This is to handle unaligned @ua/@entries backed by a huge page. For
example, 1GB page and we are preregistering only a second half of it -
the maximum pageshift should be 29 instead of 30 which it will be if we
start from 64.


> 
> > @@ -167,8 +175,11 @@ long mm_iommu_get(struct mm_struct *mm, unsigned long ua, unsigned long entries,
> >  	}
> >  
> >  	for (i = 0; i < entries; ++i) {
> > -		if (1 != get_user_pages_fast(ua + (i << PAGE_SHIFT),
> > -					1/* pages */, 1/* iswrite */, &page)) {
> > +		struct vm_area_struct *vma = NULL;
> > +
> > +		if (1 != get_user_pages(ua + (i << PAGE_SHIFT),
> > +					1/* pages */, 1/* iswrite */, &page,
> > +					&vma)) {
> >  			ret = -EFAULT;
> >  			for (j = 0; j < i; ++j)
> >  				put_page(pfn_to_page(mem->hpas[j] >>  
> 
> You need mmap_sem for read here, and held while you inspect the vma.
> I would say don't hold it over the error handling and the
> mm_iommu_move_page_from_cma() call though.
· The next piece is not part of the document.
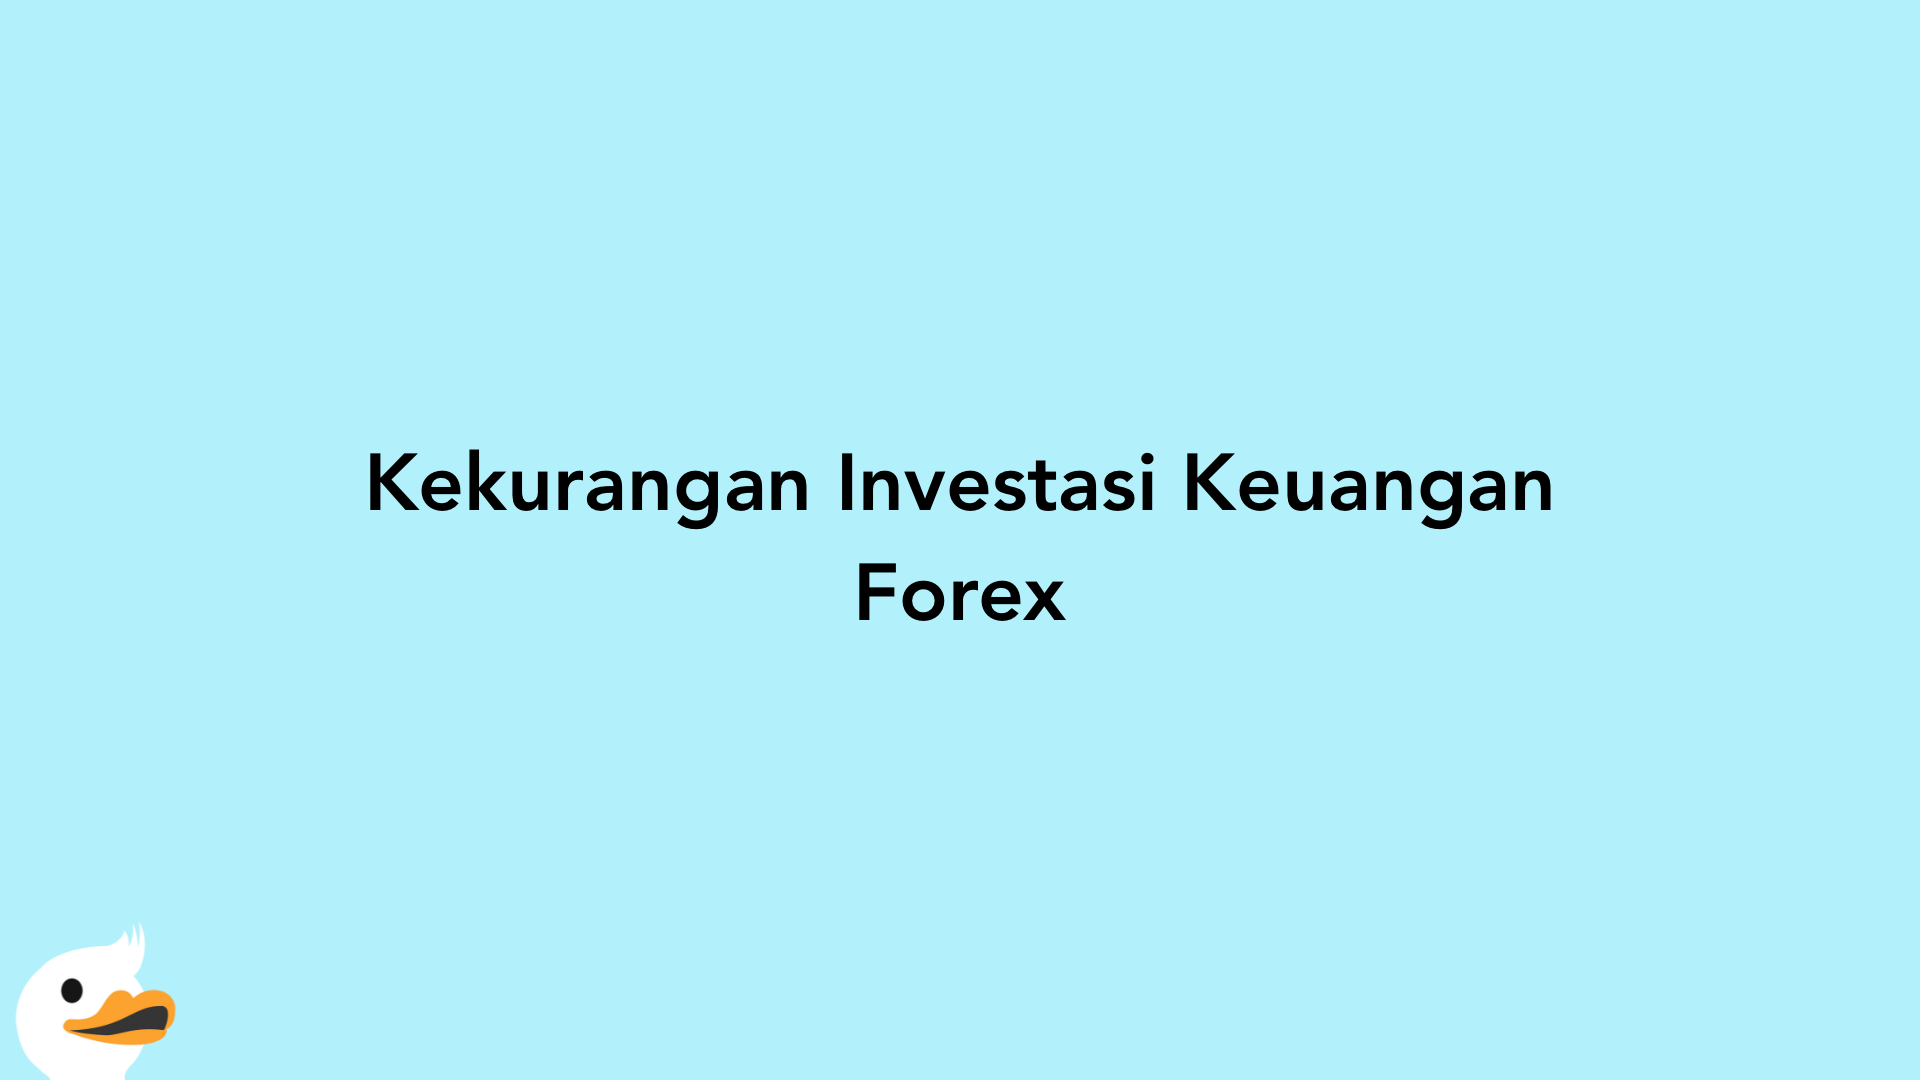 Kekurangan Investasi Keuangan Forex
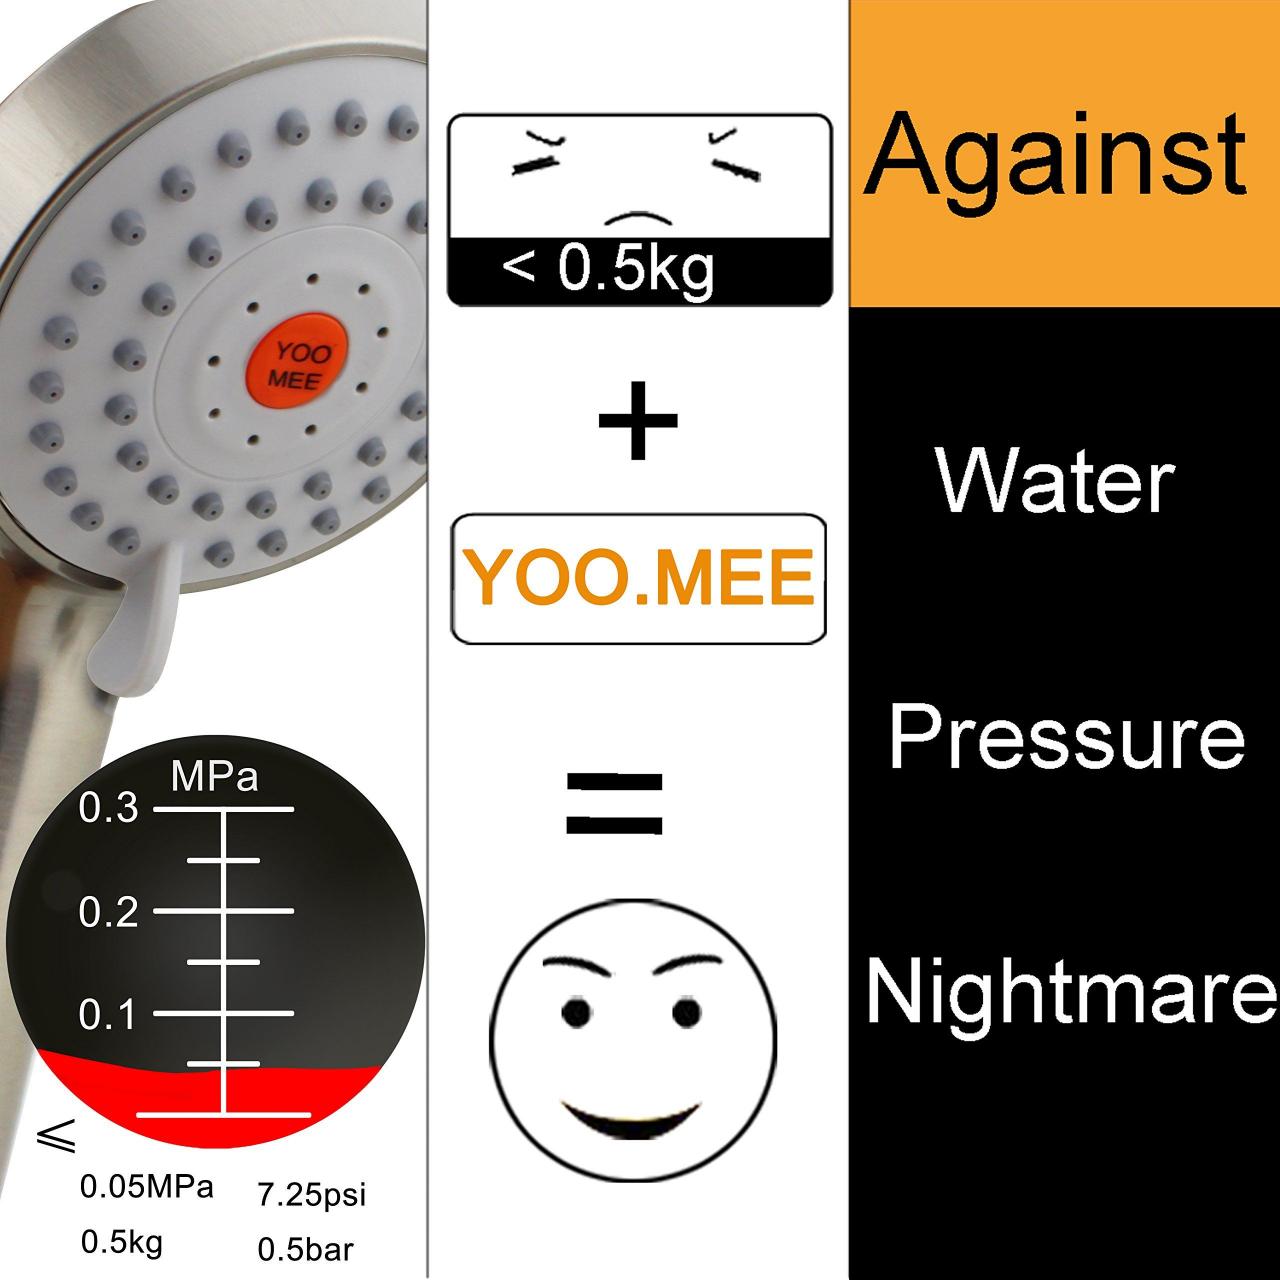 YOO.MEE High Pressure Handheld Shower Head with Powerful Shower Spray  against Low Pressure Water Supply Pipeline… | Handheld shower head, Power  shower, Low pressure

Ah, this is why it deadlocked when I tried this.

But do I really need mmap_sem here? get_user_pages_longterm() inspects
vma with no mmap_sem held in case of VFIO IOMMU Type1:

vfio_fops_unl_ioctl
  vfio_iommu_type1_ioctl
    vfio_dma_do_map
      vfio_pin_map_dma
        vfio_pin_pages_remote
          vaddr_get_pfn
            get_user_pages_longterm

Is that a bug? Other cases seem to hold it though.

> 
> > @@ -186,9 +197,9 @@ long mm_iommu_get(struct mm_struct *mm, unsigned long ua, unsigned long entries,
> >  		if (is_migrate_cma_page(page)) {
> >  			if (mm_iommu_move_page_from_cma(page))
> >  				goto populate;
> > -			if (1 != get_user_pages_fast(ua + (i << PAGE_SHIFT),
> > +			if (1 != get_user_pages(ua + (i << PAGE_SHIFT),
> >  						1/* pages */, 1/* iswrite */,
> > -						&page)) {
> > +						&page, &vma)) {
> >  				ret = -EFAULT;
> >  				for (j = 0; j < i; ++j)
> >  					put_page(pfn_to_page(mem->hpas[j] >>
> > @@ -199,6 +210,10 @@ long mm_iommu_get(struct mm_struct *mm, unsigned long ua, unsigned long entries,
> >  			}
> >  		}
> >  populate:
> > +		pageshift = PAGE_SHIFT;
> > +		if (vma && vma->vm_file && is_file_hugepages(vma->vm_file))
> > +			pageshift += hstate_vma(vma)->order;  
> 
> I would just set to huge_page_shift() here so you don't expose this
> hstate quirk that adds order to PAGE_SIZE.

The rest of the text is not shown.